REACTOR COOLANT SYSTEM BRANCH LINE PIPE BREAK ANALYSIS FOR SHIN-KORI UNITS 3&4
Shin-Kori Units 3&4 (SKN 3&4) are the first APR1400 (Advanced Power Reactor 1400 MWe) nuclear power plants being under construction in Korea. The capacity and size of main components in the APR1400 nuclear steam supply system have been increased from the OPR1000 (Optimized Power Reactor 1000 MWe) which is the reference plant in operation. Especially, the increased pipe size of the main steam and the economizer feedwater lines cause more severe excitations such as the nozzle thrust, jet impingement, and nozzle reactions when those lines are postulated to break at terminal ends or intermediate locations. In this paper, the major mechanical effects on the Reactor Coolant System (RCS) due to the branch line pipe breaks for SKN 3&4 are investigated; the support loads of the reactor vessel, steam generators, reactor coolant pumps are evaluated. In this investigation, the RCS is modeled using 3-dimensional lumped mass and beam elements, and the non-linear time-history structural analyses are performed.
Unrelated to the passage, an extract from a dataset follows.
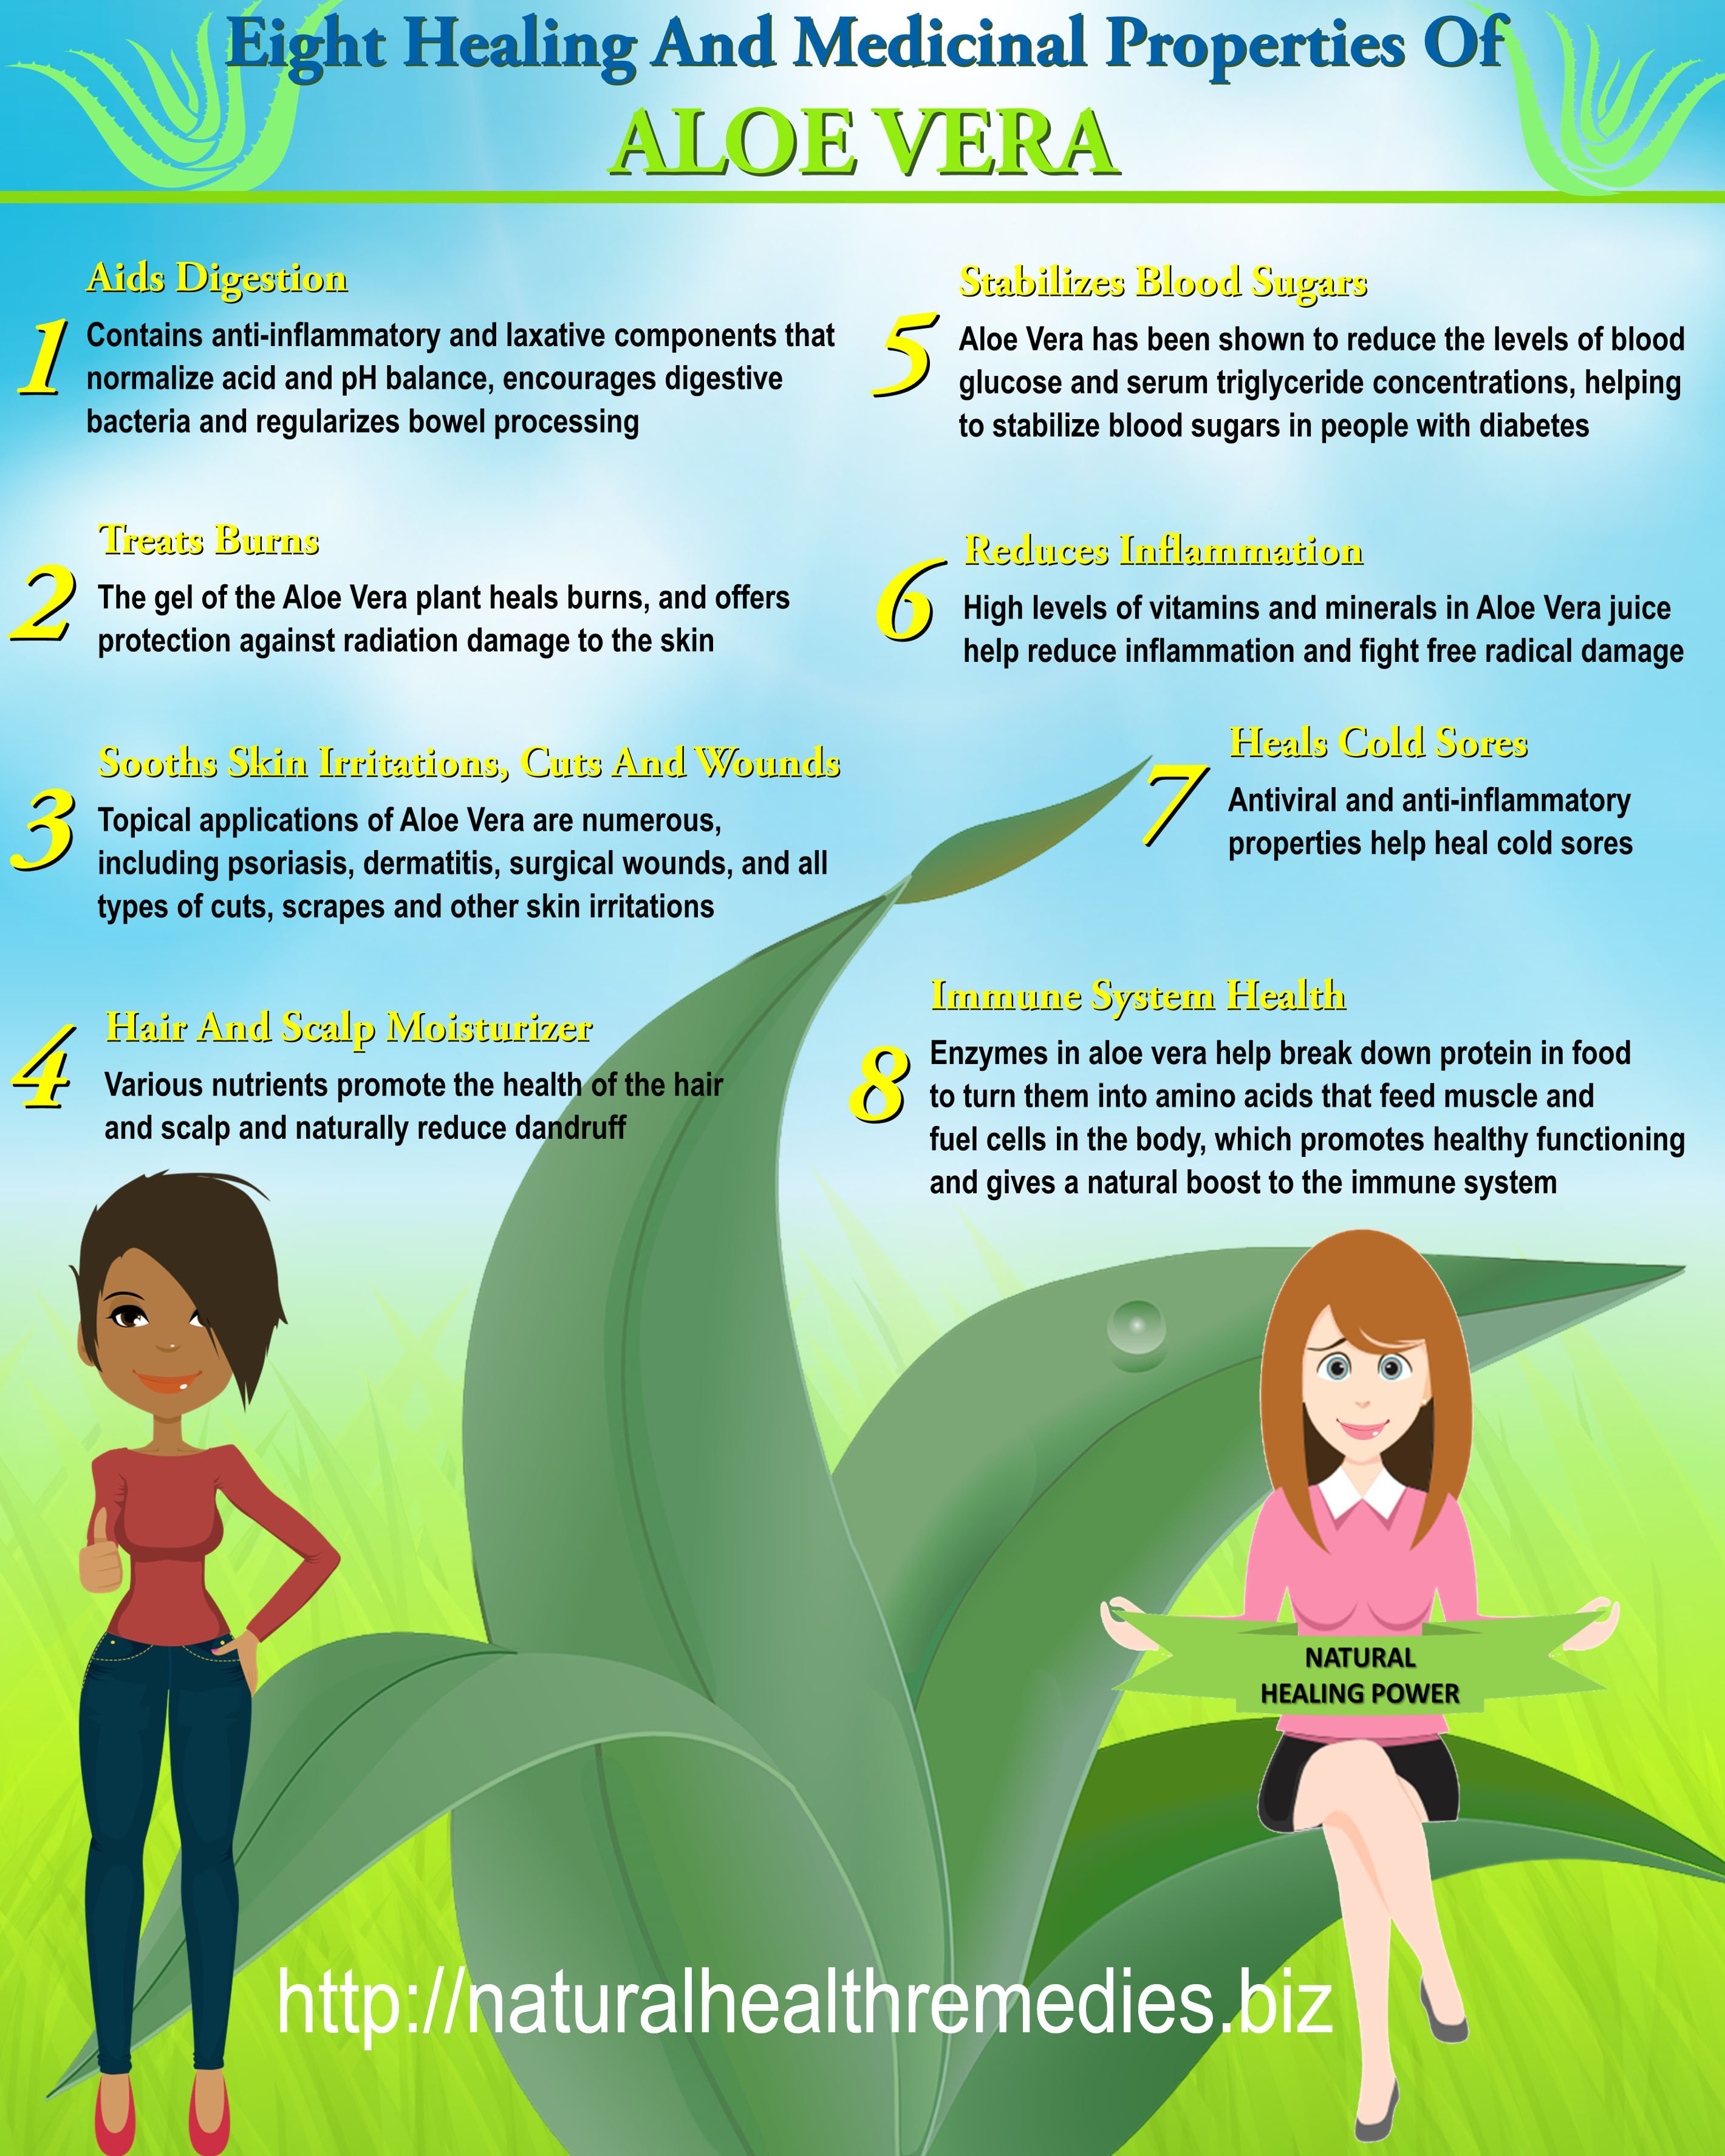 The Healing And Medicinal Properties Of Aloe Vera

The analysis results show that the RCS dynamic responses are governed by the main steam line breaks and feedwater economizer line breaks.
Young Jin Byun Young Sil Su Kwang Won Lee Jong Tae Seo
NSSS Engineering & Development Division Korea Power Engineering Company, Inc.
国际会议
18th International Conference on Nuclear Engineering(第18届国际核能工程大会 ICONE 18)
西安
英文
1-7
2010-05-17(万方平台首次上网日期,不代表论文的发表时间)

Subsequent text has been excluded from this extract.